そして辿り着いたのは、自然に囲まれた、静かな別荘であった。
三人を出迎えたのは、王子本人だった。彼はそらよりも少し年上に見えた。
「君がそら君だね。話は聞いてるよ」
「お会いできてうれしいです。王子」
ぎこちない挨拶の言葉を述べ、そらは頭を下げた。
「とにかくお三人方、入って下さい。話は急を要します」
「はい」
エレミス、そら、シトラの順で中に入っていった。
三人は応接間に案内された。座って王子が姫を呼んでくるのを待っていると、召使が茶と菓子を運んできてくれた。

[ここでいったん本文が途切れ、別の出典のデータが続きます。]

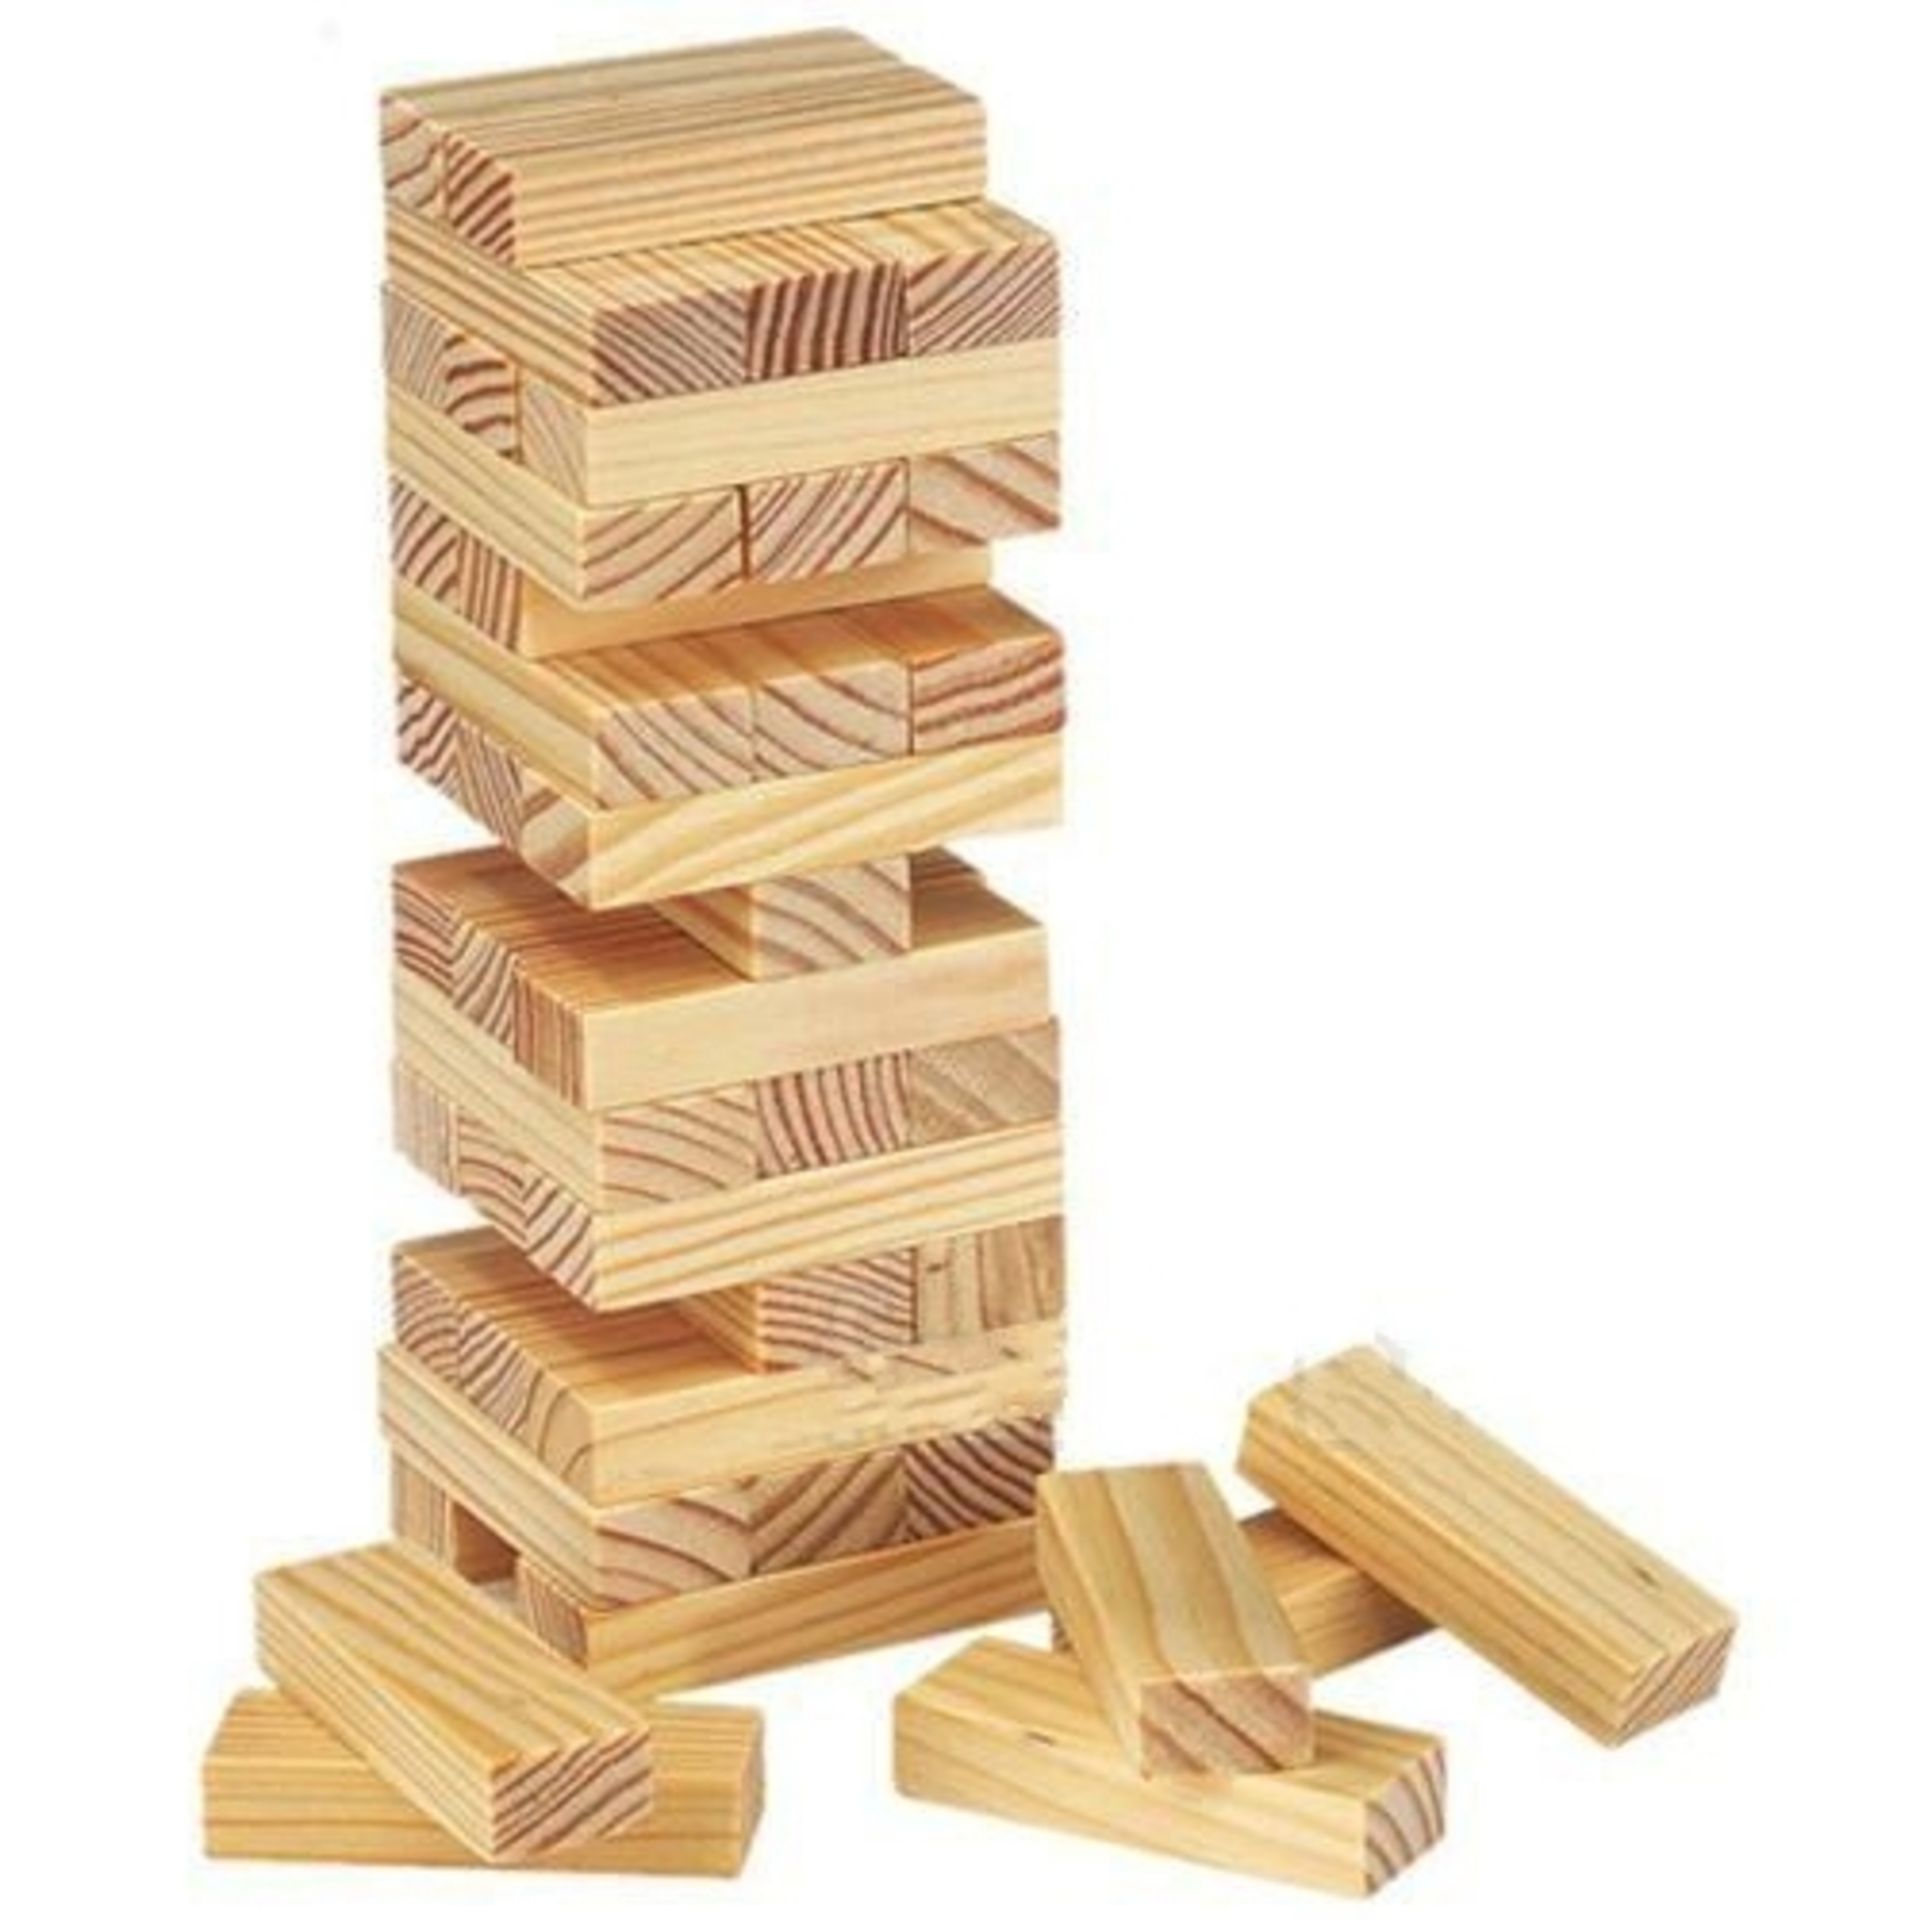 V Brand New Quality Wooden Tower Block Game X 5 Bid price to be multiplied by Five
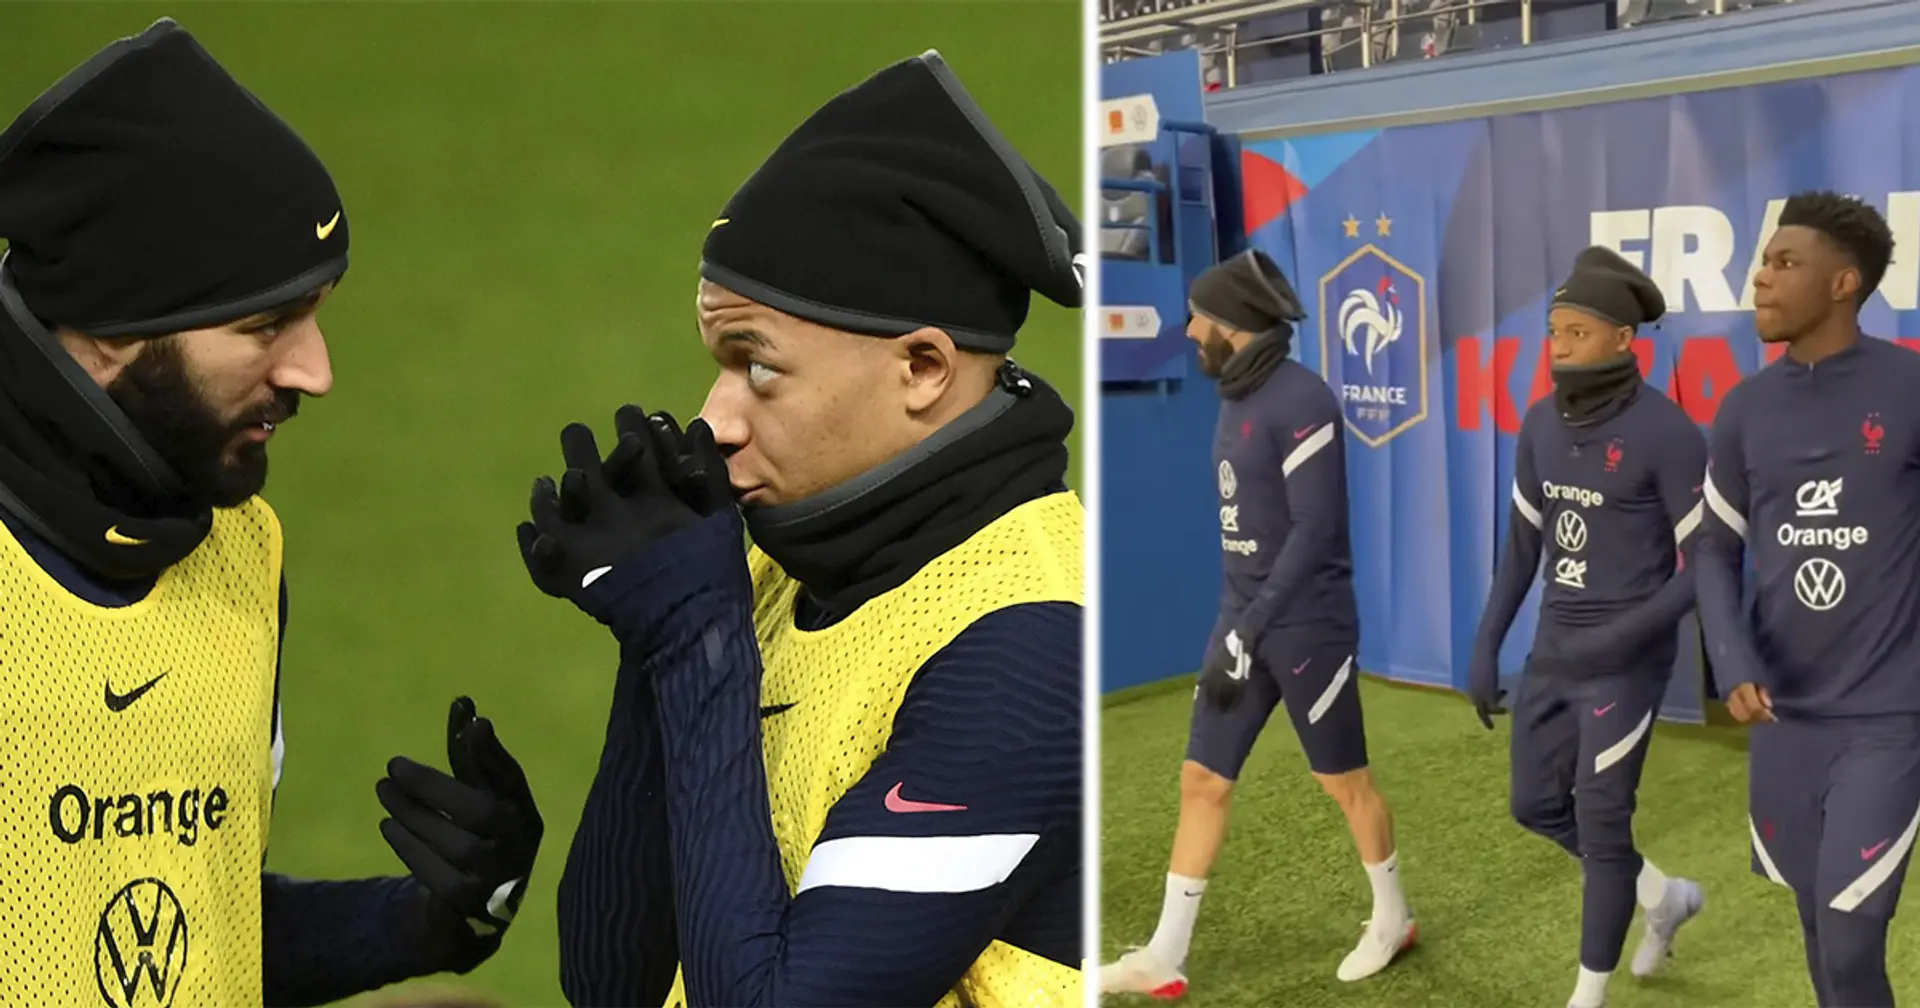 'He's telling him how to escape PSG': Fresh Mbappe-Benzema pics go viral

そして姫が姿を現し、丁寧なお辞儀をした。そらも慌てて深く頭を下げる。
とても可愛らしい人だった。
王子と並ぶと、なんと穏やかな二人であることか。
「ご存じでしょうが、今王国を率いているのは宰相のフォグ=ウェイヴです」
「!」
エレミスがぞっとした様子で立ち上がった。周りを用心深く見回す。
「大丈夫ですよ。ここは、私達が古くから雇っている、信頼のおける呪術師たちが結界を張ってくれているから」
「それならいいが……」
そらはここで初めて、《闇の方》の本名を知る。
(フォグ=ウェイヴ……)
心の中で呟き、そっと記憶の引き出しにしまい込んだ。
「父の遺書に、次の王は彼が適任であると書かれていたんです。でも、そんなことは呪いの力でどうにでもなる。呪いをかけられ、正しい判断もできなくなった父にサインを求めたのかもしれない」
「あなたはずっと傍にいなかったんですか」
「……フォグ=ウェイヴが王の隣を独占していましたから。私達は近づくことさえできなかったんです」
「な……」
「王が戦争好きだったことはご存じでしょう。私も同じように戦争が好きなのではないかという噂を立てられ、気づけば周りは敵だらけでした。だから、こうして父の遺体と共に逃げてきた訳です」
エレミスが顔を顰めた。
「ひどいな。あなたが戦を好まぬ穏やかな性格であることを知っている人も沢山いるでしょうに」
「……全て、フォグ=ウェイヴの力です。彼はたぶん、父と……、この王国に恨みを持ってる。彼の恋人があらぬ罪を着せられ、死刑にされているんです。そのことをずっと恨んでいたのだと、私は考えています」
「……」
前にツテシフから使いが来た時、フォグ=ウェイヴは王に戦を仕掛けるようにそそのかした。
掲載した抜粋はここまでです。